LookupBatchsInRange filters SequencerBatchDelivered events from the SequencerInbox contract, parses them into SequencerInboxBatch structs with time bounds, accumulator hashes, and data location.

  1. To learn what batches exist, the reader scans L1 for SequencerBatchDelivered events in a block range.
  2. Each event becomes a structured record: its time bounds, its accumulator hashes, and where to find its data.
  3. With that record, the reader knows enough to go fetch and decode the batch's contents.

Access lists

The AccessList function pre-computes storage slots to reduce gas costs.

  1. Ethereum charges less for storage slots if you warn it in advance which ones you'll read.
  2. The poster knows exactly which contract slots its batch transaction will touch (in the SequencerInbox, the bridge, and optionally a gas refunder).
  3. It lists those slots up front in the transaction's access list to get the discount.
  4. On an Arbitrum parent chain this trick doesn't pay off (data is already cheap there), so it's switched off for L3s.

Error Handling and Retries

Batch poster error handling

The Start() loop uses EphemeralErrorHandler instances to suppress transient errors.

  1. Many errors are transient (a race, a temporary L1 hiccup), so the poster doesn't shout about them right away—it stays quiet for a minute or so.
  2. A known set of "expected" errors gets a longer grace period (debug, then warn, then error) before it botehrs an operator.
  3. Whenever anything goes wrong, the half-built batch is discarded and rebuilt next time—partial state is never reused.
  4. The return value sets the rhythm: error → wait 10s, nothing to do → wait 10s, success → immediately go post the next batch.

Revert detection

pollForReverts() runs as a background goroutine subscribing to L1 headers.

  1. A background watcher follows every new L1 block.
  2. It looks for transactions sent from the batch poster's address.
  3. If one of them failed (reverted) onchain, that's serious—the data may not have landed correctly.
  4. It flips a "stop" flag that halts all further posting and logs a detailed reason, so a human investigates before anything else goes out.

DataPoster error handling

Tracks consecutive intermittent errors per nonce in an ErrorCount map.

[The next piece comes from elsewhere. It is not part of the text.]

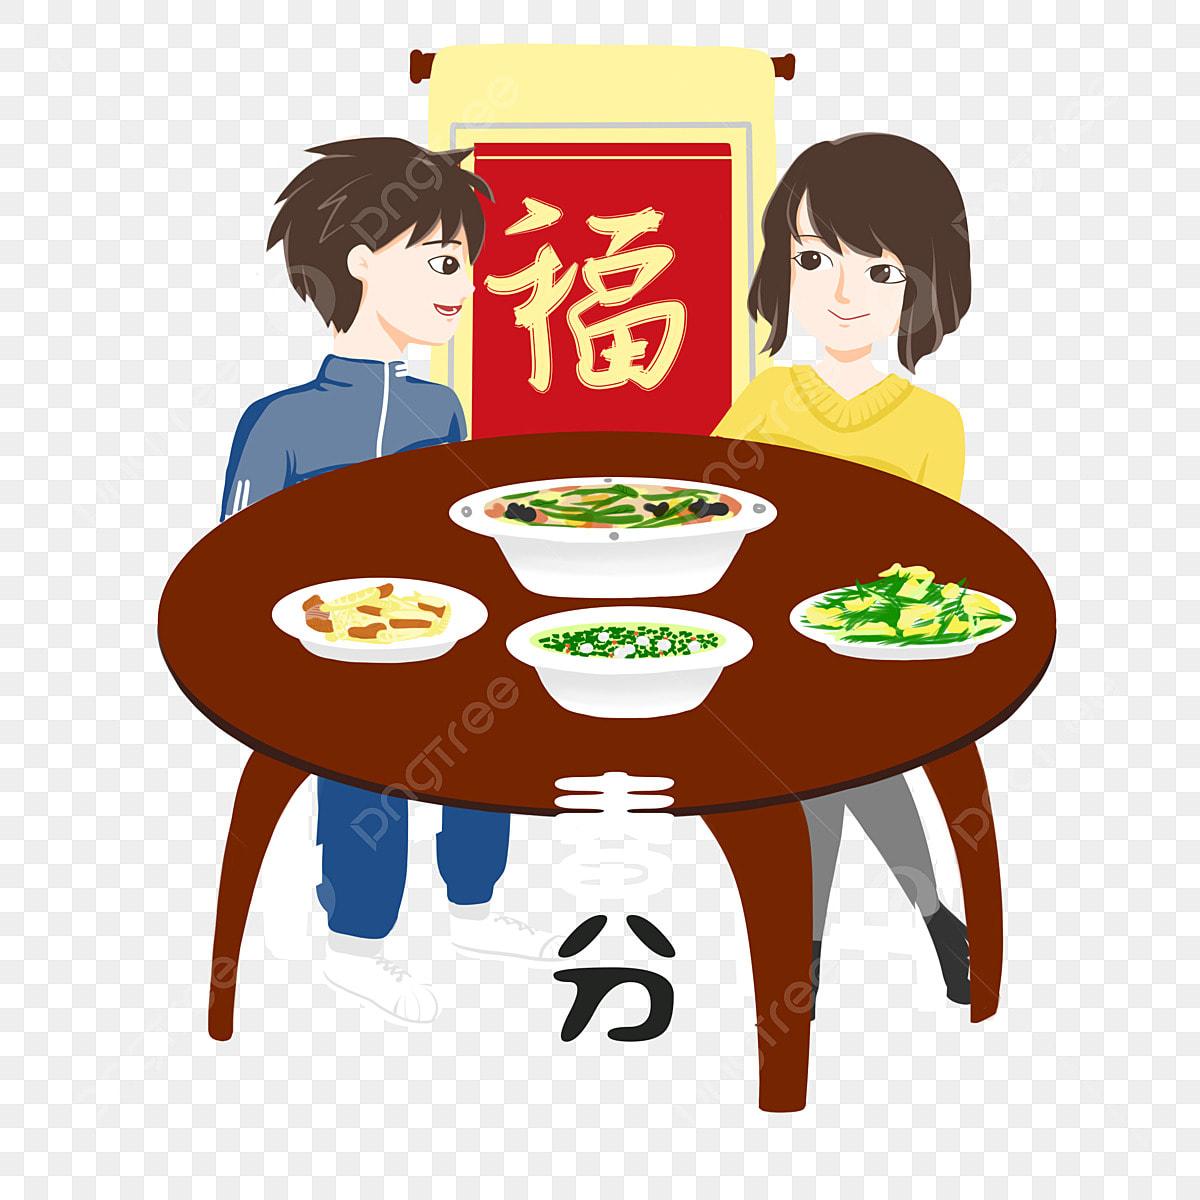 الرسم التوضيحي لشخصيات الاعتدال طعام لذيذ طاولة صفراء تناول زوجين شخصية كرتونية نعمة صفراء طاولة صفراء الرسم التوضيحي لشخصيات الاعتدال Png وملف Psd للتحميل مجانا
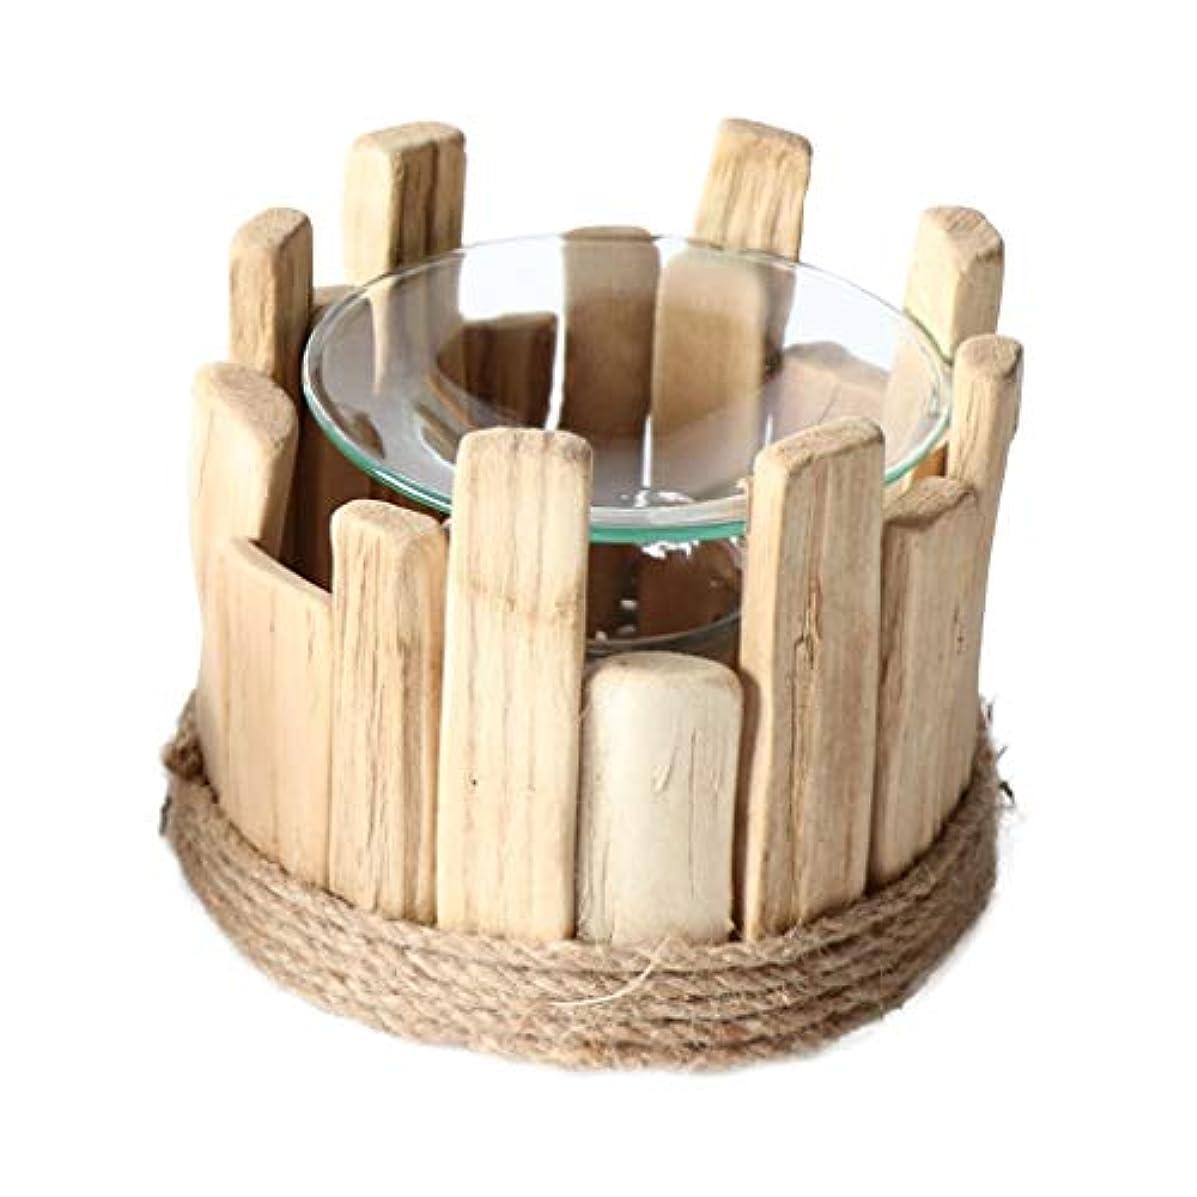 文庫本生き返らせる刈る家庭用木材香ホルダーエッセンシャルオイルアロマ燭台香バーナー寝室アロマセラピー炉香バーナーホルダー (Color : C)

  1. The DataPoster keeps a per-nonce tally of how many times in a row a transaction hit a known transient error.
  2. Certain expected errors are tolerated up to 20 repeats before it escalates the log level.
  3. This avoids alarming operators over brief, self-correcting conditions while still surfacing anything that's genuinely stuck.

Compression

The Sequencer employs compression when forming transaction batches to optimize the data and cost of batches posted to the parent chain. Arbitrum uses the Brotli compression algorithm due to its high compression ratio and efficiency, crucial for reducing parent chain posting costs.

Compression

Compression level in the Brotli algorithm

Brotli’s compression algorithm includes a parameter: compression level, which ranges from 0 to 11. This parameter allows you to balance two key factors:

  • Compression efficiency: Higher levels result in greater size reduction.
  • Computational cost: Higher levels require more processing power and time.

As the compression level increases, you can achieve better compression ratios at the expense of longer compression times.

Dynamic compression level setting

The compression level on Arbitrum is dynamically adjusted based on the current backlog of batches waiting to be posted to the parent chain by the Sequencer. In scenarios where multiple batches are queued in the buffer, it is possible to adjust the compression level to improve throughput dynamically. When the buffer becomes overloaded with overdue batches, the compression level decreases. For the exact backlog thresholds and how compression interacts with parent chain pricing, see Compression levels.

This trade-off prioritizes speed over compression efficiency, enabling faster processing and transmission of pending batches. Doing so clears the buffer more quickly, ensuring smoother overall system performance.

Now that transactions are batched and compressed, they pass to the batch poster for transmission to the parent chain.